In terms of molecular mechanisms, our study also confirmed that OMT regulates the miR-27a-3p/PPAR-γ axis, thereby inhibiting PPNL resistance in HemSCs via modifying m6A through the down-regulation of METTL3 expression. Among them, m6A denotes the methylation modification on the sixth nitrogen atom of adenine, which can regulate the generation of non-coding RNAs, including miRNA, and can be catalyzed via several m6A methyltransferases (METTL3, METTL14, WTAP, and KIAA1429) [
31]. Therefore, m6A can also be extensively involved in the pathological process of tumors via mediating miRNA expression [
32]. These are key proteins involved in RNA m6A methylation.
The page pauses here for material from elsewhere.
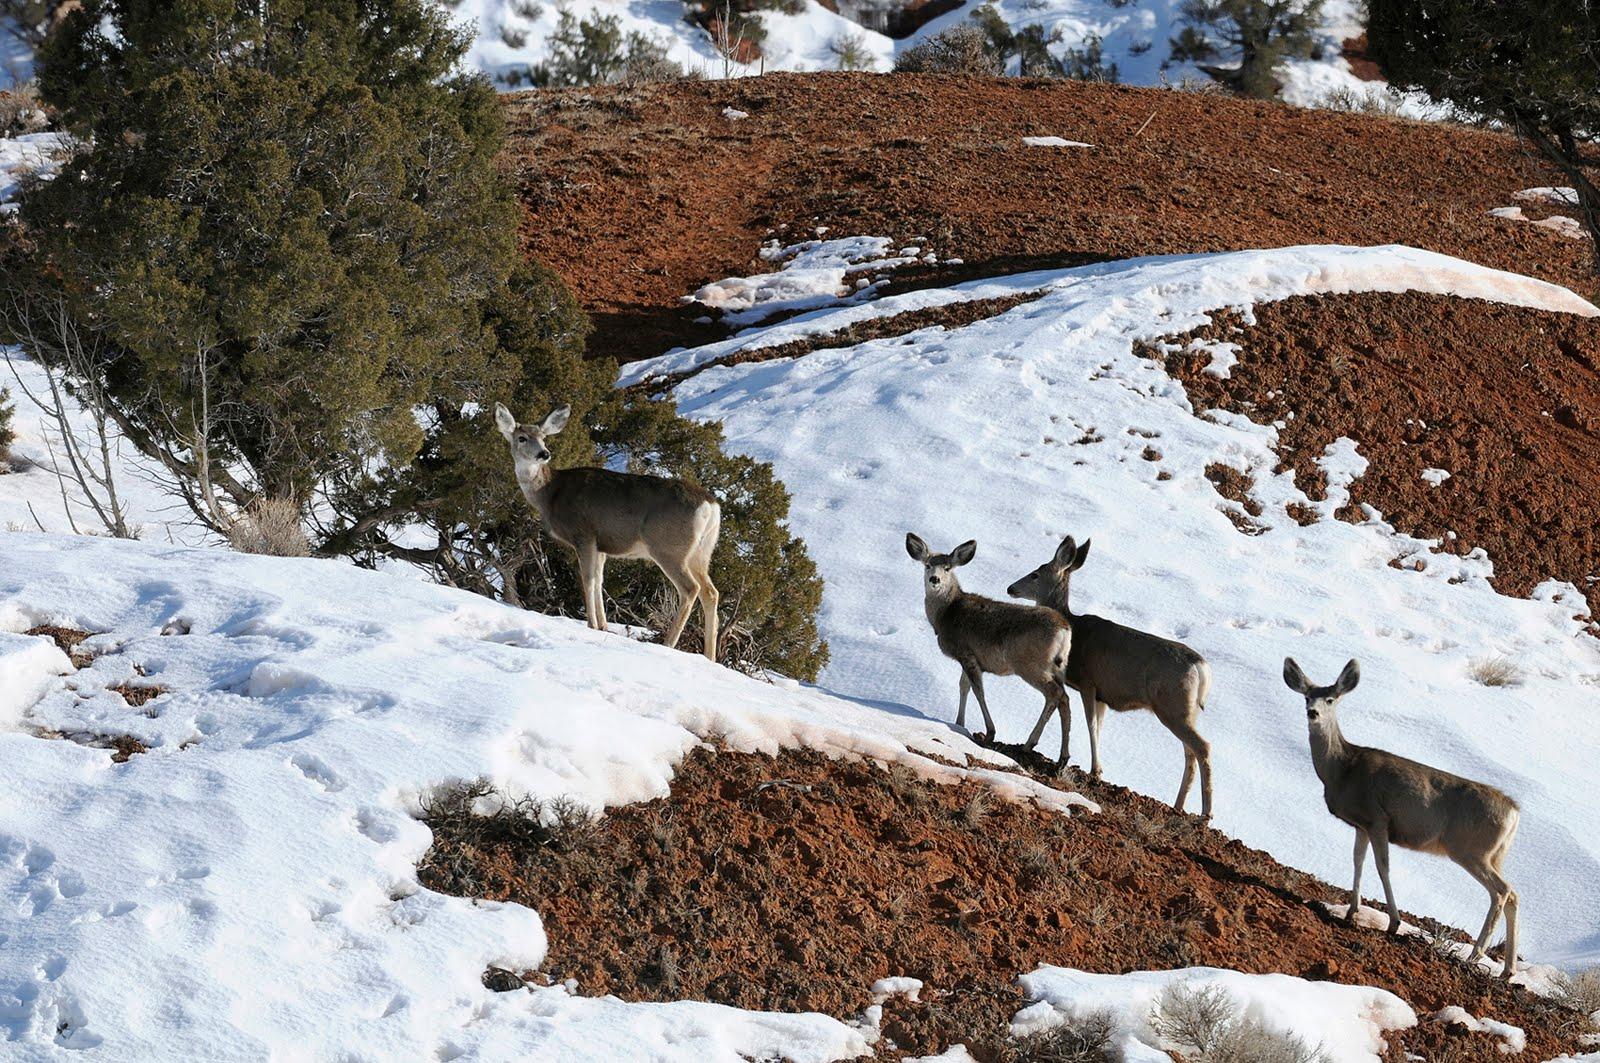 Backcountry utah 39 s outdoor adventure journal apply for for Utah fishing license cost
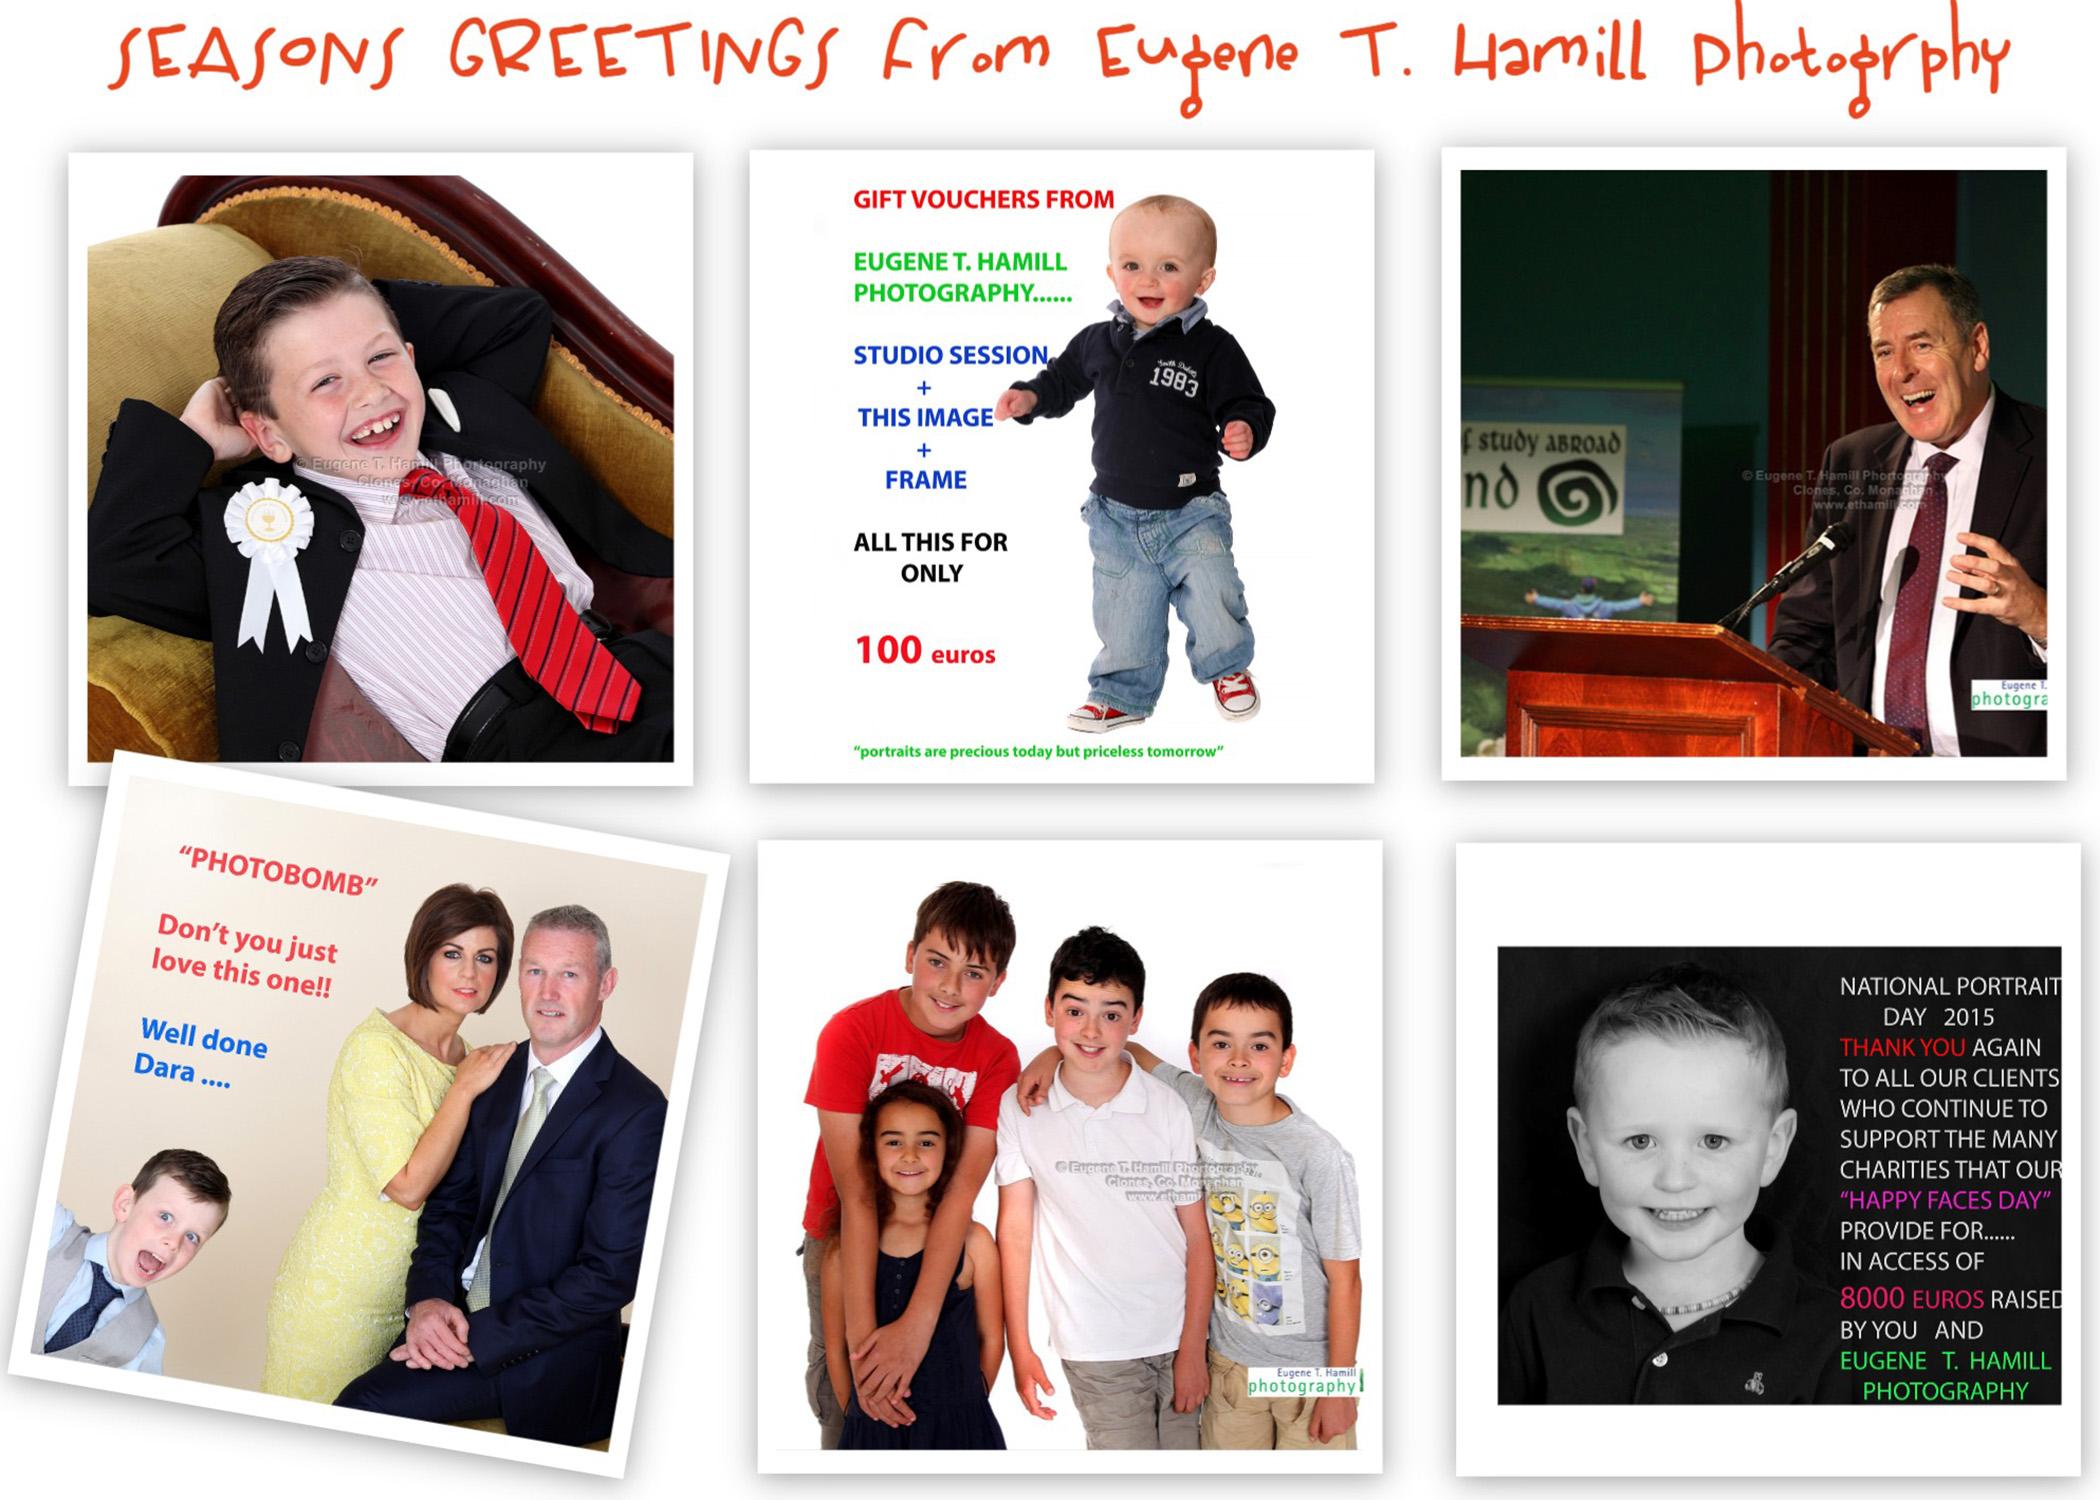 photovisi-download.jpg 7x5.jpg

METTL3 and METTL14 constitute the core of the m6A methylation complex responsible for adding methyl groups to RNA molecules. WTAP serves as an auxiliary factor in this complex, and KIAA1429, also known as VIRMA, plays a significant role in RNA methylation. For example, METTL3 can enhance the expression level of miR-1246 via facilitating the maturation of pri-miR-1246 and, finally, induce malignant metastasis of colon cancer [
33]. Our in vivo results suggest that OMT regulates the miR-27a-3p/PPAR-γ axis and promotes apoptosis in vivo via increasing the expression of pro-apoptotic proteins to inhibit PPNL resistance, which ultimately leads to the inhibition of IH tumor growth. The novelty of this study is that OMT’s anti-IH protective mechanism was confirmed from the aspects of cell function, adipose differentiation, PPNL resistance, and in vivo studies, which are related to the regulation of METTL3 expression of m6A and the miR-27a-3p/PPAR-γ axis. However, there is room for improvement in future studies. Firstly, we can increase the analysis of miR-27a-3p upstream of long non-coding RNA to supplement the molecular regulatory network further. Secondly, we can also look for molecular pathways related to OMT and analyze whether it has regulatory effects on certain molecular pathways. Finally, we can also explore the effect of OMT on angiogenesis. We will gradually improve the research in relation to the above points.